We continue to have interest in developing this in the future, as it simplifies and speeds up the workflow a bit (especially for ITS). However, our development philosophy prioritizes accuracy above all else, and until we can show that a pre-merging method provides equivalent (or better) accuracy as post-merging, we will continue to recommend post-merging.
I believe vsearch implements merging reads using PEAR's algorithm, so it's not quite a drop-in replacement for usearch in this respect.
We have now posted our "official" ITS workflow.
Not that it's the only right way to do things, but it's at least one right way.
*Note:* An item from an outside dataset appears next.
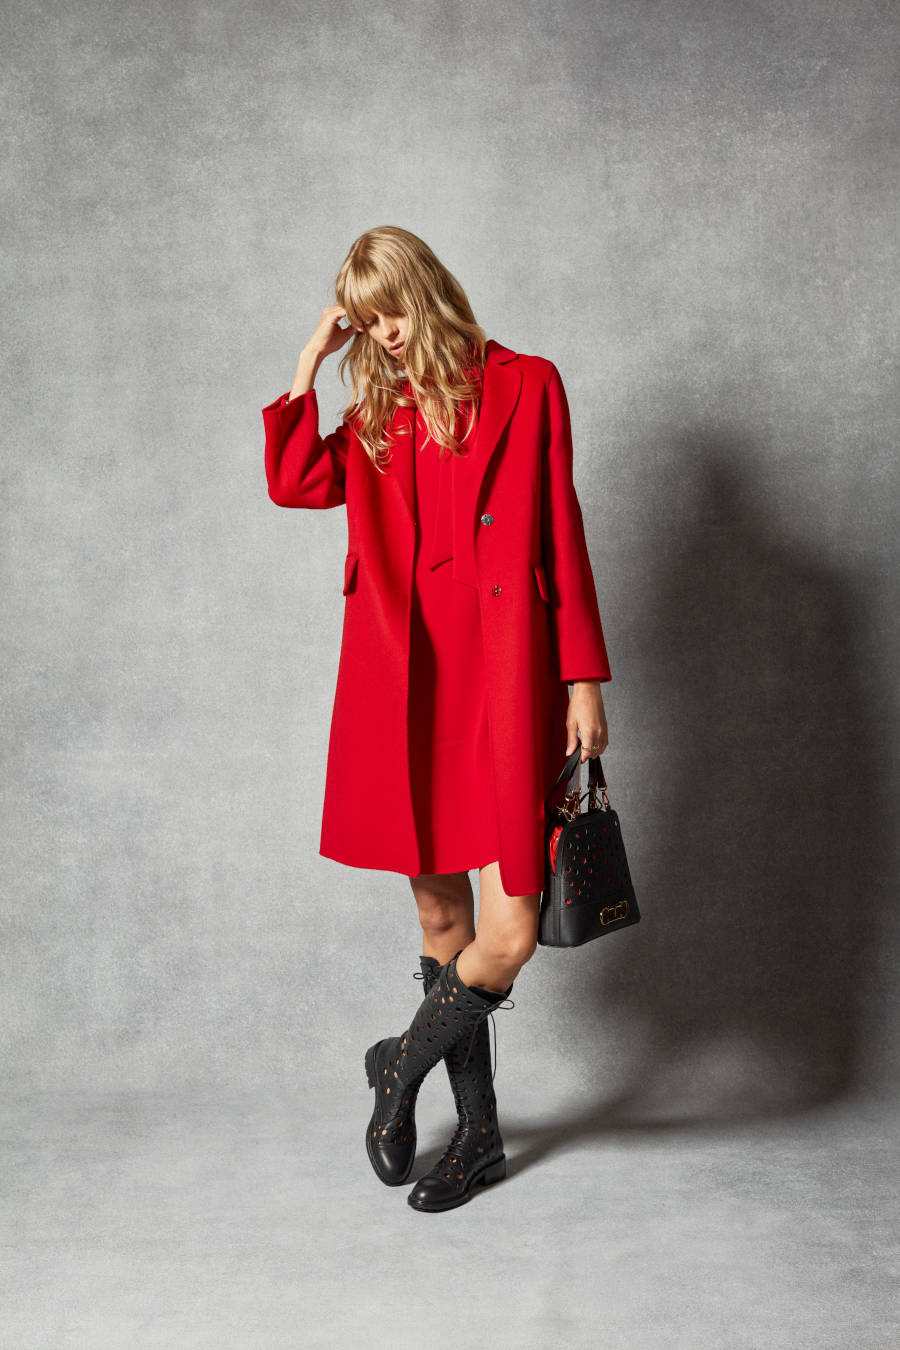 Foto de modelo usando bota de cano alto e sobretudo vermelho, fazendo contraste com a sua bolsa preta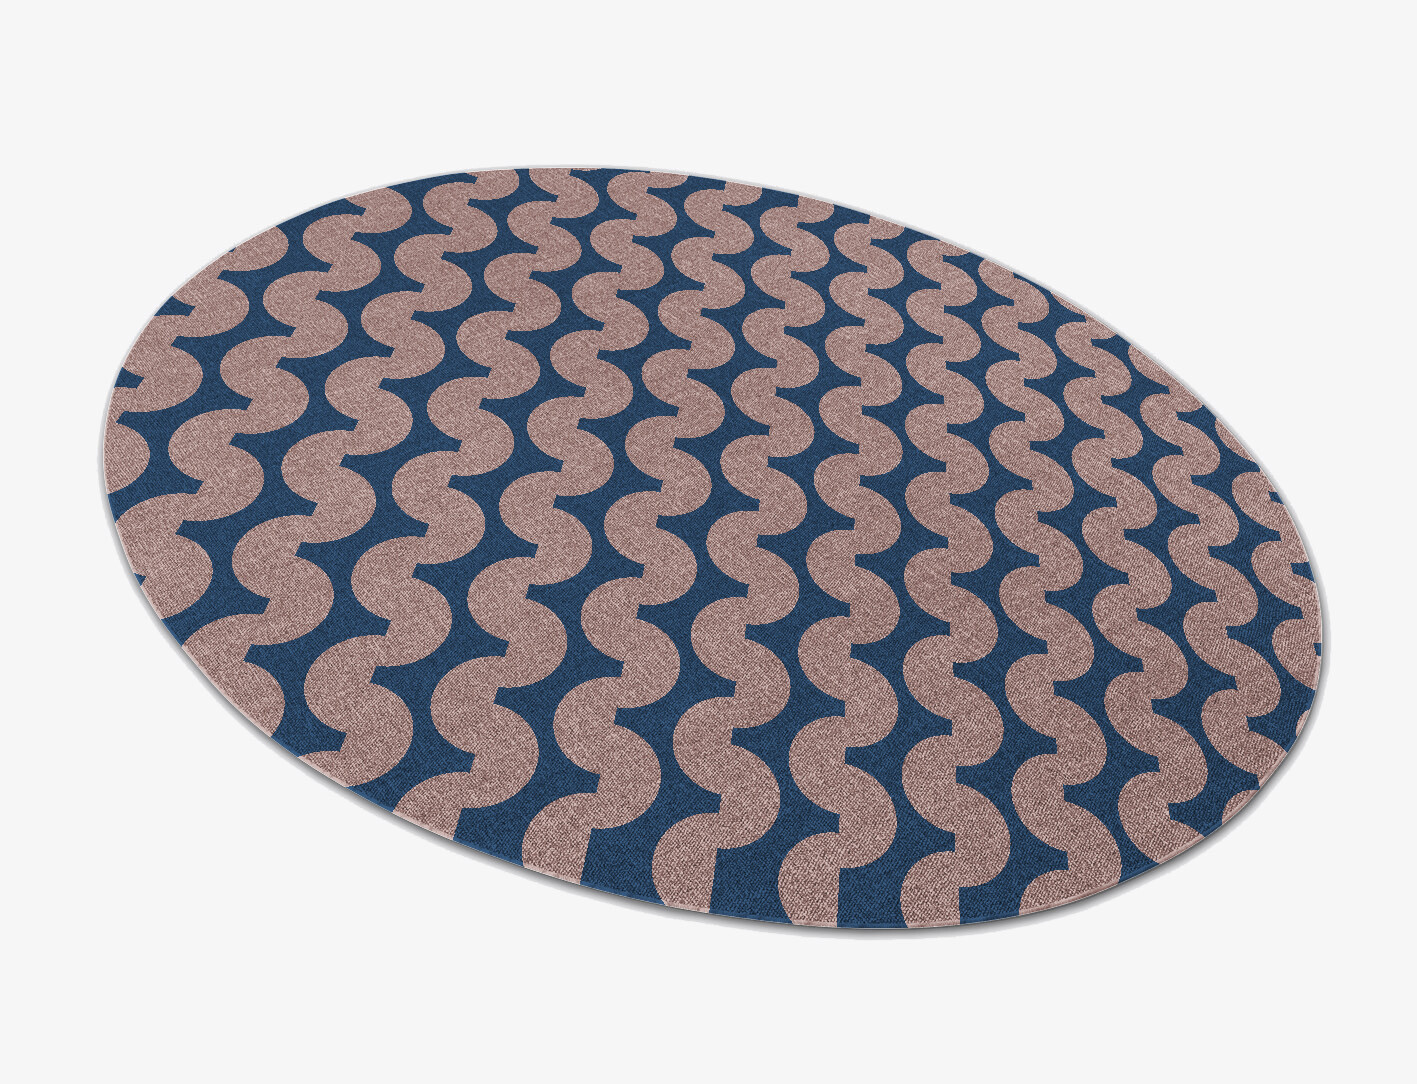 Artemis Geometric Oval Flatweave New Zealand Wool Custom Rug by Rug Artisan

I would like to suggest an approach that I have found to dramatically improve the application of dada2 to fungal ITS amplicons. Some adapter removal programs use an alignment of the paired reads to trim the "read through" into the opposite direction adapter/primer. This approach allows trimming most shorter sequence reads to the actual length of the sequence of interest and generally removes low quality tails without needing a fixed length truncation or ending up with lots of length variation introduced by a sliding window quality trimmer. The program SeqPurge seems to work well for this, though there are others. I have also been following this trimming with a fixed-length crop of the forward and reverse reads (after looking to see where the quality drops off) but without throwing out shorter reads using the CROP function in trimmomatic (though you have to apply it to the fwd and rev reads separately if you want different crop lengths). A new fork of cutadapt called atropos looks like it will be able to do both of these trimming steps and can crop the fwd and rev reads to different lengths after adapter trimming, and generally seems like a promising tool for pre-processing paired-end ITS reads. However, I imagine cropping without throwing out shorter reads could also probably be implemented in the filterAndTrim function in dada2 fairly easily.
Before adding these two steps I was recovering much lower numbers of fungal ITS sequence variants than I expected with DADA2. Now the numbers are more in line with my expectation and are more similar to what I see with other denoising approaches (i.e., unoise3). So far I think this approach is working well for me, but I would be interested to hear what others think.